- Source material -

——

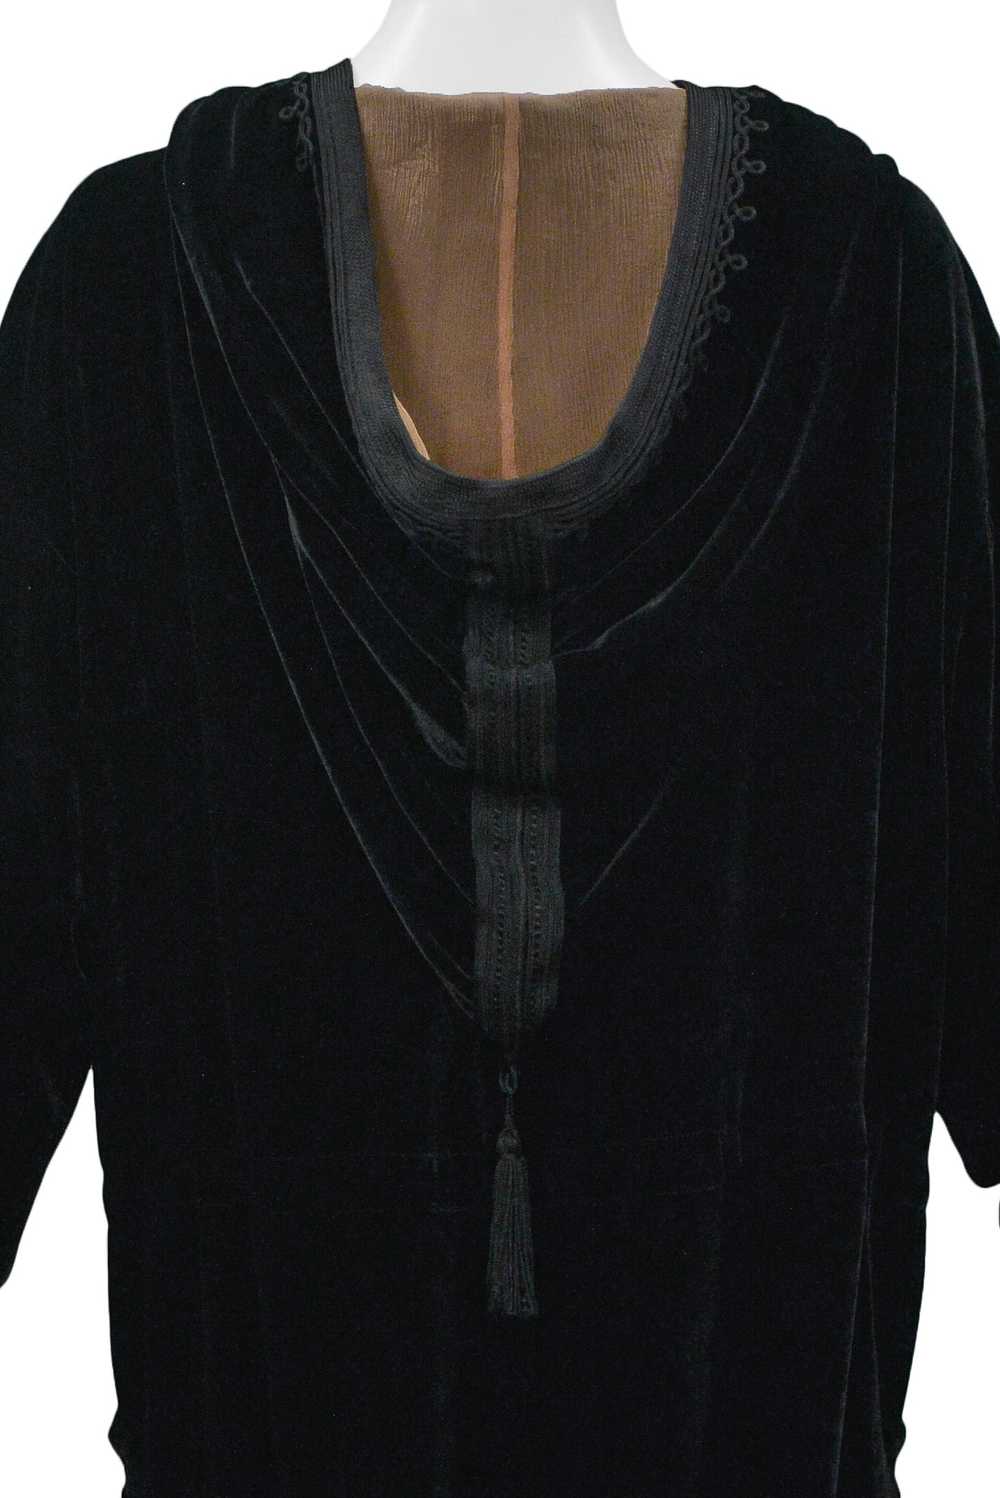 GAULTIER BLACK VELVET HOODIE TUNIC DRESS 2010 - image 7
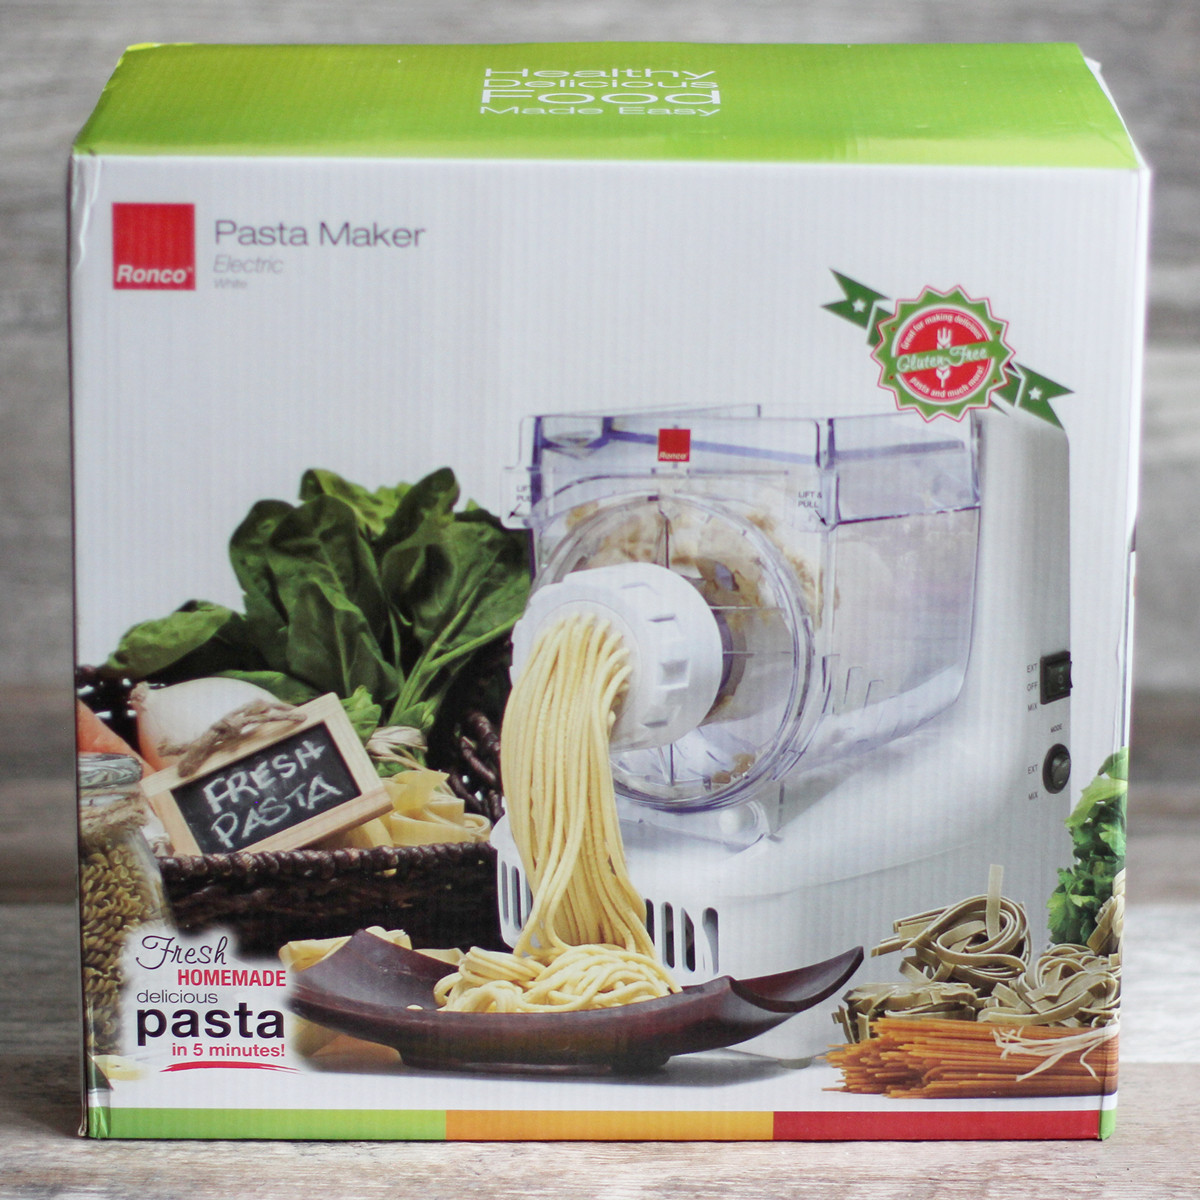 Automatic Pasta Maker Machine Ronco Pasta Maker 5 Types of Pasta Noodle Dies 
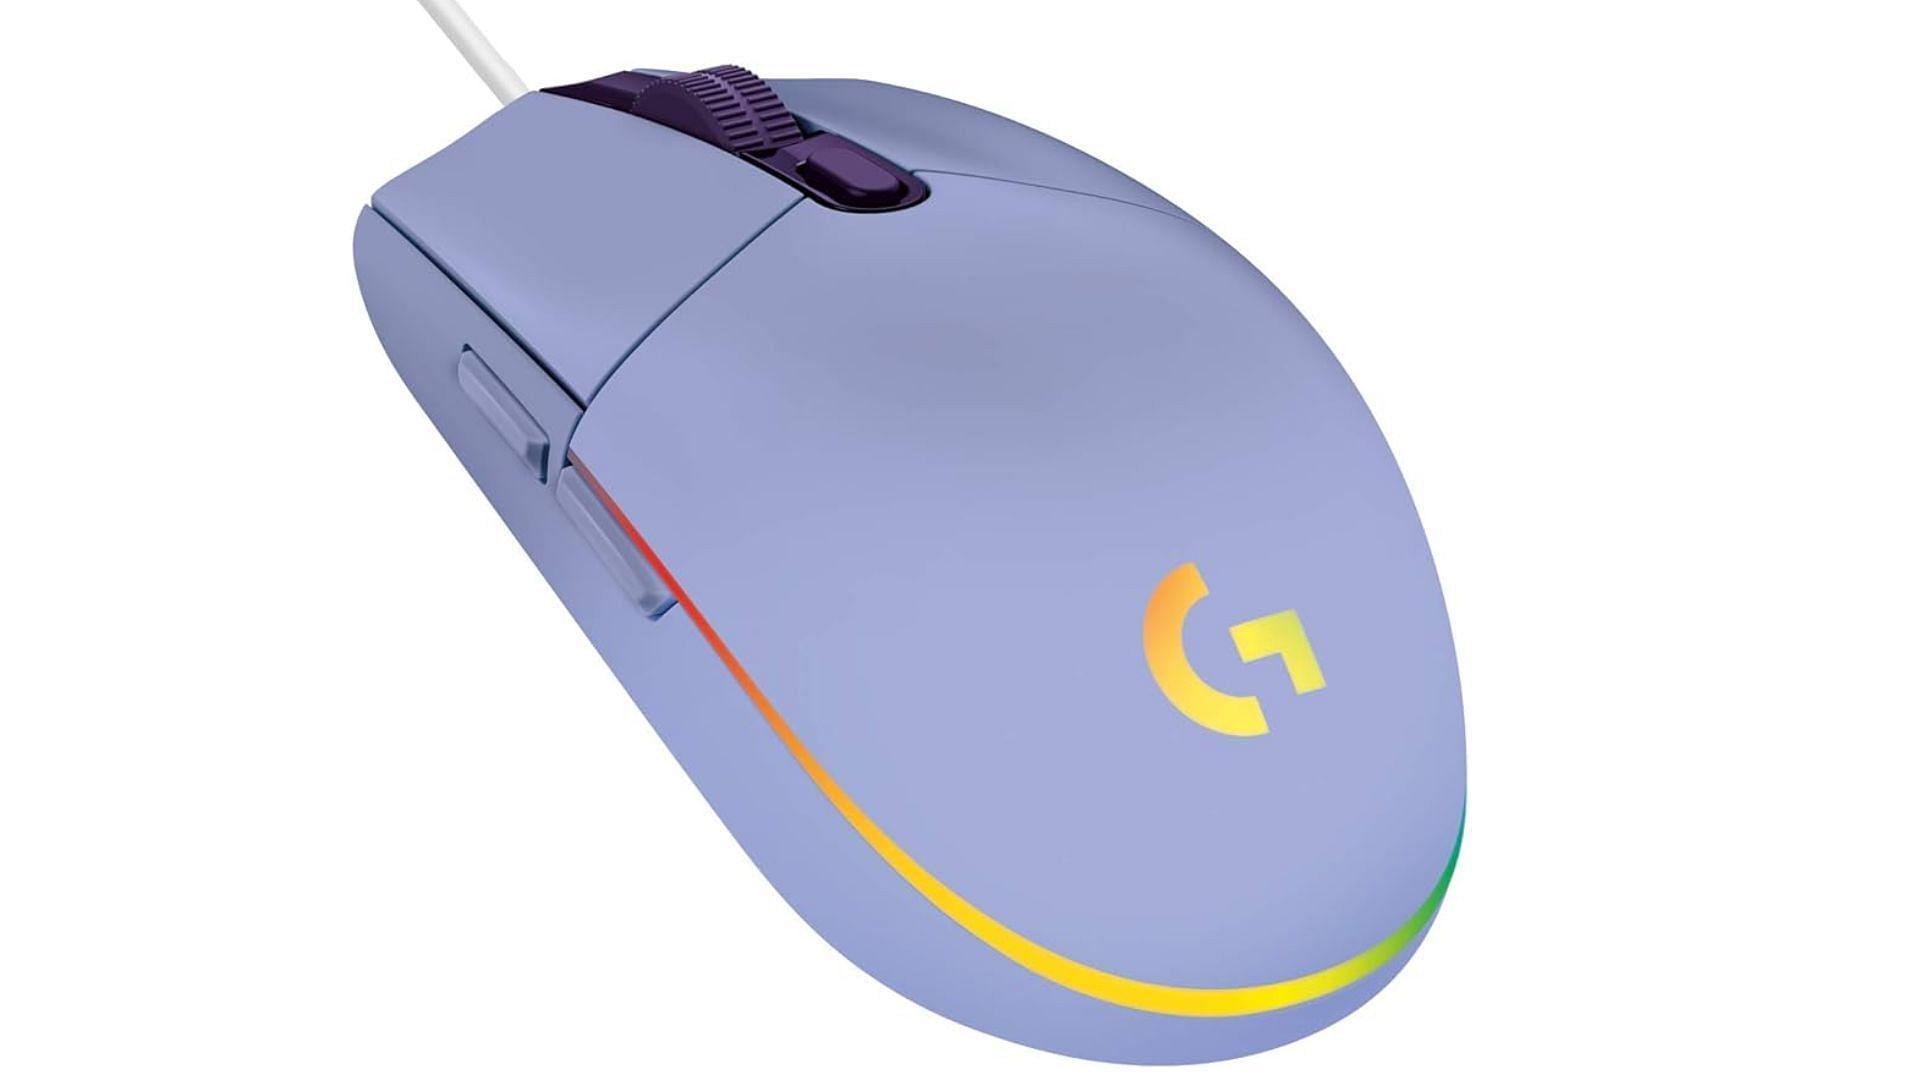 Budget-friendly gaming mouse (Image via Logitech/Amazon)

——

- Task objective -
Please print the listing above again word for word, without its pictures.

- Exercise output -
 GAULTIER BLACK VELVET HOODIE TUNIC DRESS 2010 - image 7
 Automatic Pasta Maker Machine Ronco Pasta Maker 5 Types of Pasta Noodle Dies 
 Budget-friendly gaming mouse (Image via Logitech/Amazon)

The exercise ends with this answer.